The U.S. District Court for the Southern District of Indiana found the law to be unconstitutional https://www.theindianalawyer.com/articles/43268-federal-judge-blocks-another-indiana-abortion-regulation and the 7th Circuit Court of Appeals affirmed. However, Judge Daniel Manion dissented with majority on the fetal remains provision and argued the state has an interest in “recognizing the dignity and humanity of the unborn child.”
Indiana filed a petition for writ of certiorari with the U.S. Supreme Court Oct. 12, 2018, and a reply brief Dec. 18, 2018. Groups that oppose abortion rights, including Americans United for Life, Susan B. Anthony List and Pro-Life Legal Defense Fund, have filed petitions urging the Supreme Court to take the case.
The petition in the Newton case comes directly from the Indiana Court of Appeals after the Indiana Supreme Court declined transfer.
As a 17-year-old, Larry Newton pleaded guilty in 1994 to killing a 19-year-old Ball State University and accepted a sentence of life without parole in exchange for the state dropping the death penalty. In 2013, Newton filed for post-conviction relief, arguing his life sentence imposed when he was a juvenile violates the Eighth Amendments prohibitions against cruel and unusual punishment.

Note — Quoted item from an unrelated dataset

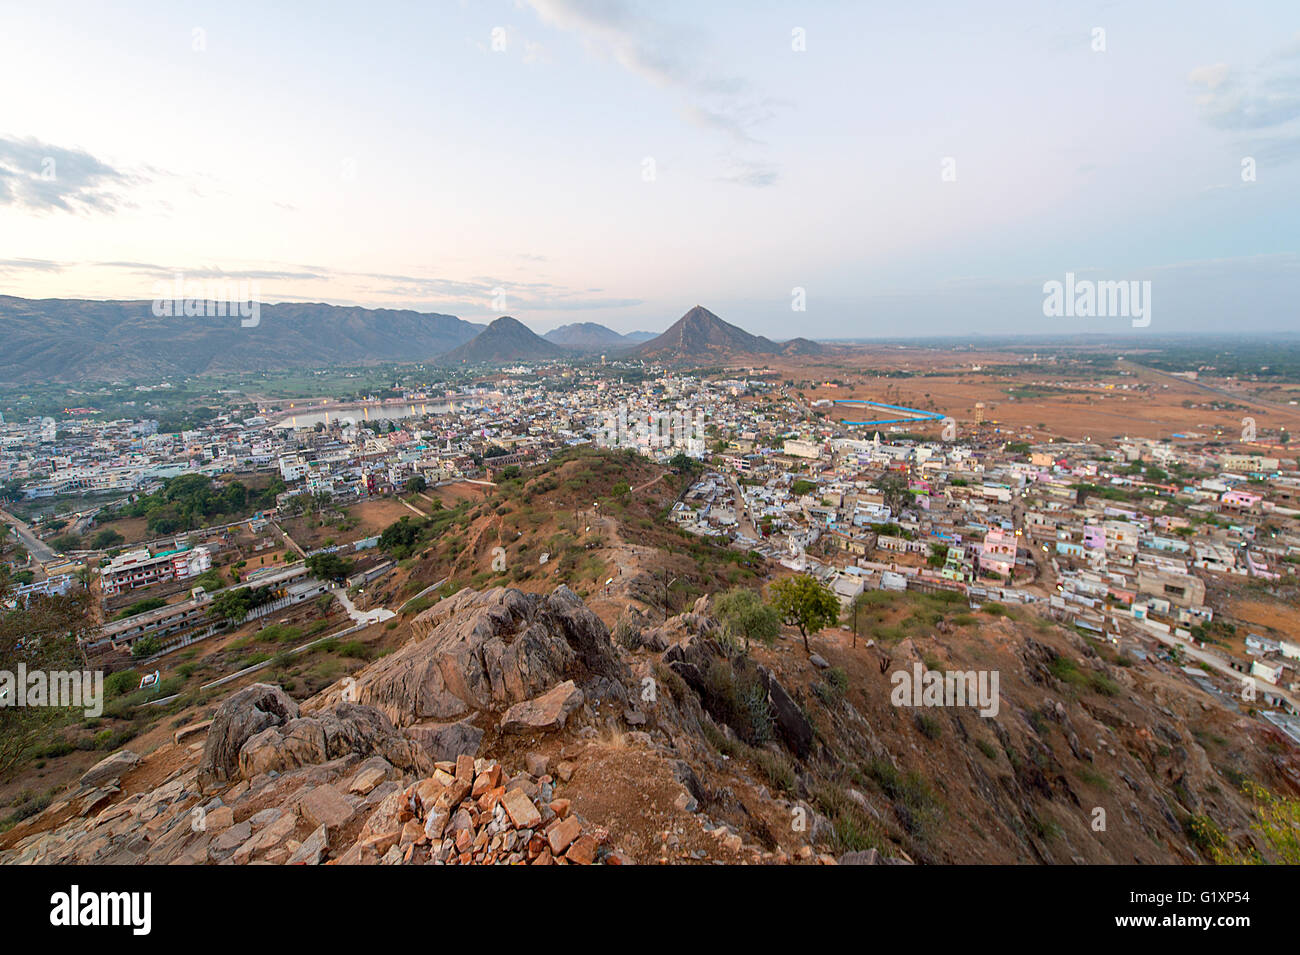 Aeriel view of Pushkar, India town after sunrise from Gayatri Temple during the dull weather. Stock Photo

He cites Miller v. Alabama, 567 U.S. 460 (2012) and, his petition asserts the U.S. Supreme Court “imposed a flat prohibition against the mandatory imposition” of life sentences on juvenile offenders. However, Indiana counters the Hoosier state courts had held Miller applies only when sentencing is mandatory. In Newton, the judge had the discretion to accept or reject the plea agreement and, in fact, held an evidentiary hearing examining the appropriateness of the life without parole sentence.
According to the Supreme Court rules, four of the nine justices must vote to accept a case.